他的T恤已经被汗水浸透了,紧紧贴在身上,胸肌和腹肌的轮廓在湿透的布料下清晰可见,像一尊活动的雕塑。
姜紫淑的喉咙不自觉地动了一下,咽了口唾沫。
她等了一会儿,看着两个孩子打完一局,坐在球场边喝水休息的间隙,端着水果走过去。
『步庭啊,』她笑着在曹步庭旁边坐下,裙摆在大腿上铺开,露出一截白嫩的小腿,『阿姨问你个事,你爸爸妈妈是做什么工作的呀?』
曹步庭接过一块西瓜,咬了一口,老实回答:『我爸前年出车祸走了,我妈一个人在工厂上班,供我读书。』
他说这话的时候语气很平淡,像是在陈述一个和自己无关的事实,但微微垂下的眼帘里还是闪过一丝不易察觉的阴翳。
姜紫淑的心猛地揪了一下,像是被一只无形的手攥住了。她的手指在膝盖上攥紧了裙子的布料,指节发白。
『啊……那挺不容易的。』她的声音有些发涩,停顿了一下,像是在斟酌什么,然后装作不经意地问,『你爸爸……叫什么名字呀?』
曹步庭抬头看了她一眼,没有多想:『我爸叫曹志远。』
三个字像三颗子弹,一颗一颗地打进姜紫淑的胸口。
曹志远。
曹志远。
曹志远。
这个名字她二十年来从未忘记过,甚至在梦里都会喊出来。
当年班里打篮球最帅的体育委员,全校女生都暗恋的男生,眉眼间全是少年意气,笑起来的时候嘴角会微微上扬,露出一颗小虎牙。

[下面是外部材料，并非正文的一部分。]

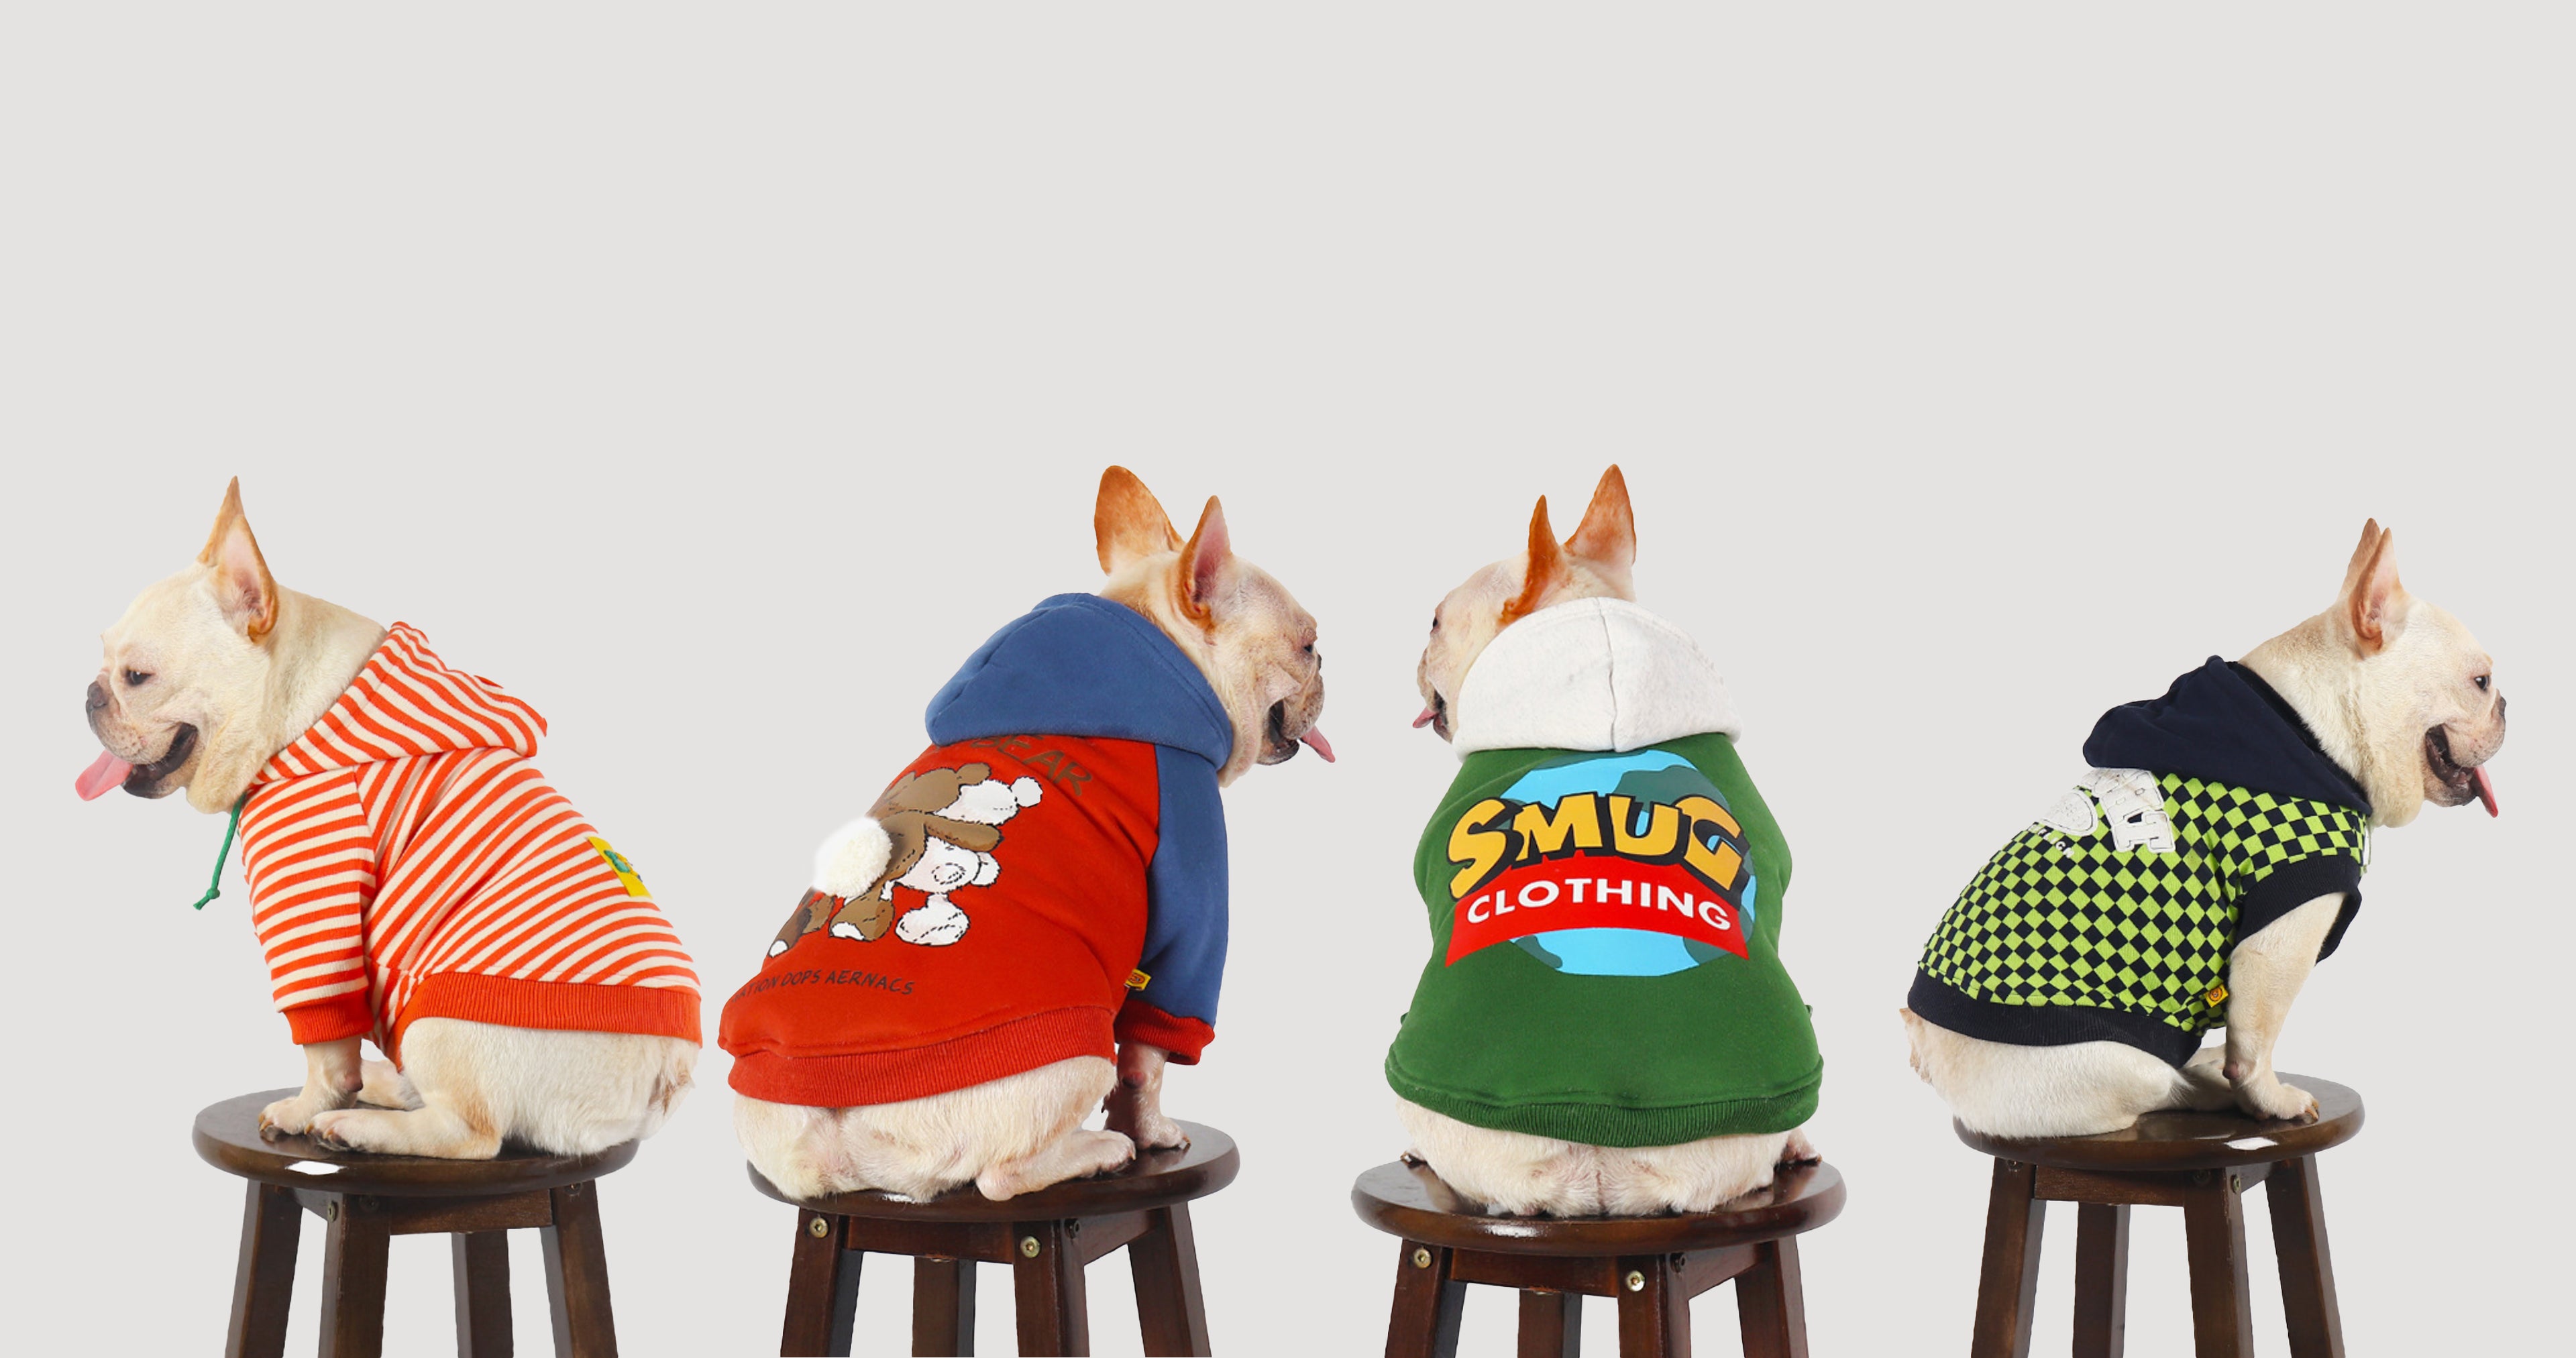 Slideshow: French Bulldogs in Assorted Hoodies
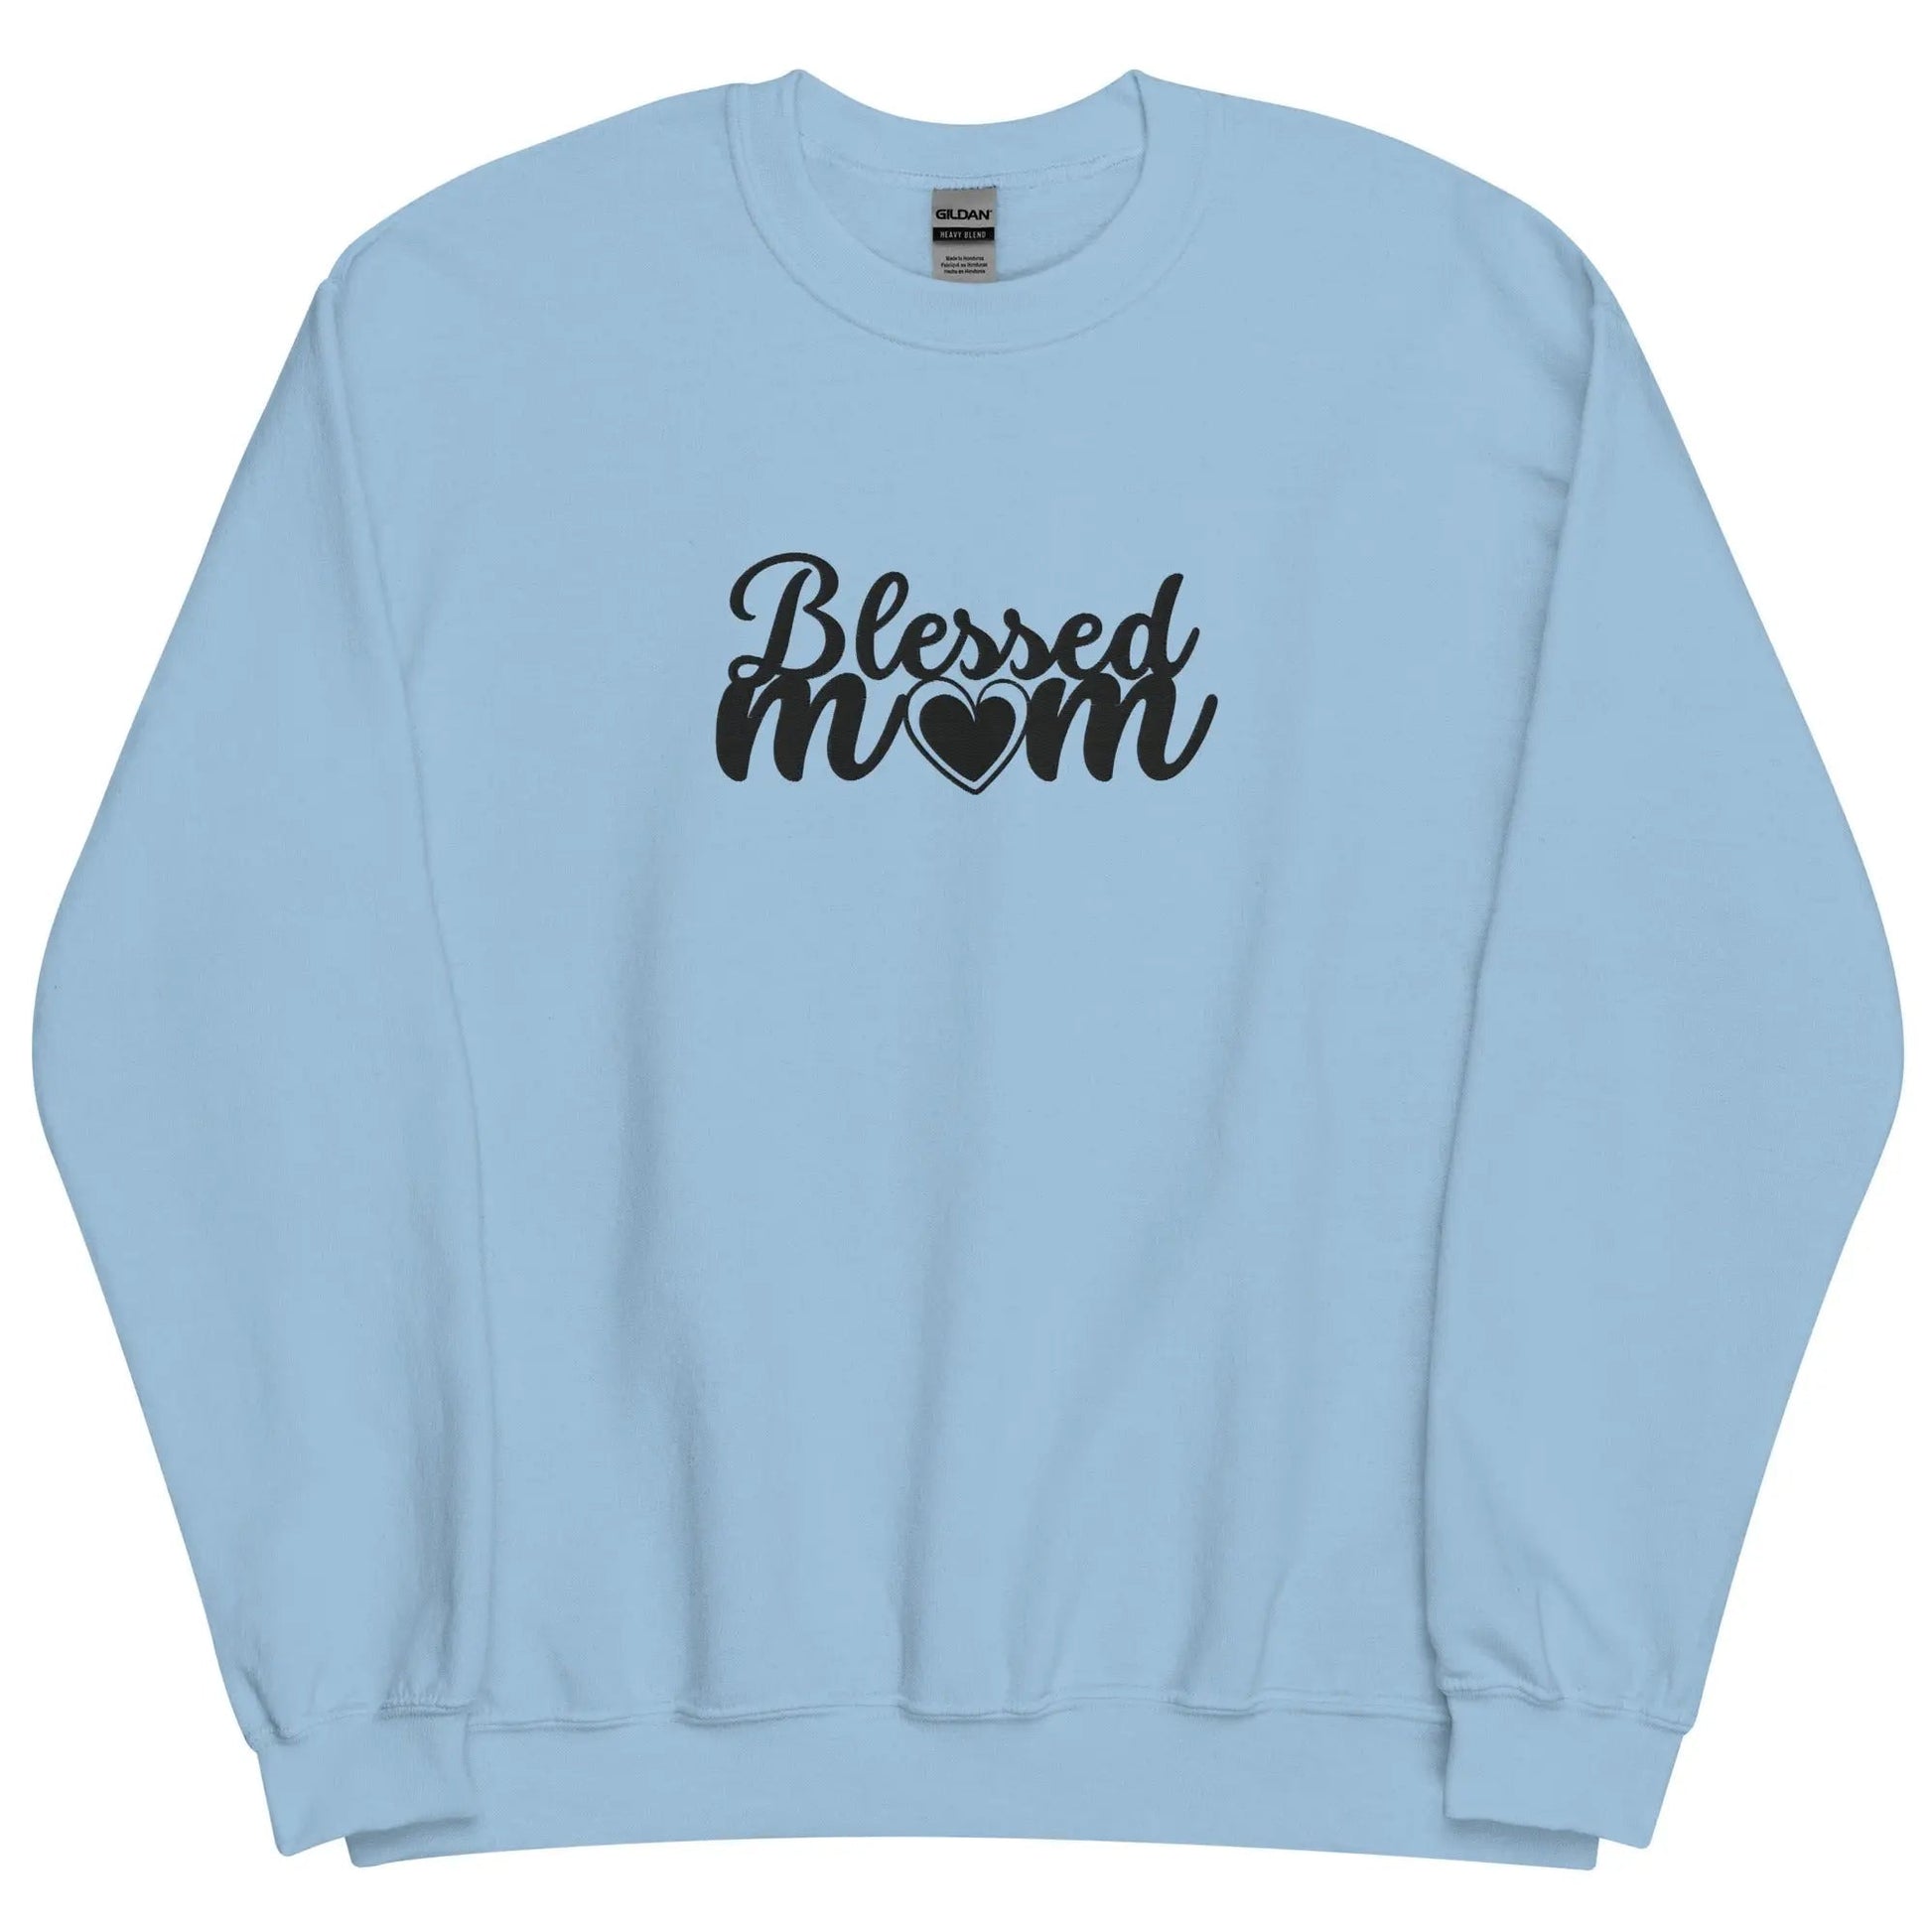 Embroidered Blessed Mom Embroidery Crewneck Sweatshirt-clothes- sweater-Light Blue-S-mysticalcherry

他们在操场后面的器材室里偷过吻,在放学后的教室里牵过手,在学校的元旦晚会上偷偷交换过第一封情书。
后来被家里发现了。
姜紫淑的父母是大学教授,嫌曹志远家境普通,硬生生把两人拆散了。
她被转到了另一所学校,后来考上了大学,毕业后嫁给了赵建国。
曹志远则消失在了她的世界里,她甚至不知道他后来去了哪里,做了什么。
原来他后来结了婚,生了一个儿子——一个和她记忆中的他几乎一模一样的儿子——然后出了车祸,走了。
姜紫淑的瞳孔骤然收缩,她低下头,假装整理裙摆,实际上是在掩饰自己瞬间泛红的眼眶。
一股混杂着遗憾、心疼、愧疚和某种说不清道不明的复杂情绪像潮水一样涌上来,堵在胸口,让她有一瞬间喘不过气。
她抬起头,看着球场上曹步庭奔跑的背影。
那健硕的身板,那投篮的姿势,那微微后仰的弧度——和当年的曹志远如出一辙,像是时间在这个少年身上凝固了,把二十年前那个少年的影子原封不动地保存了下来。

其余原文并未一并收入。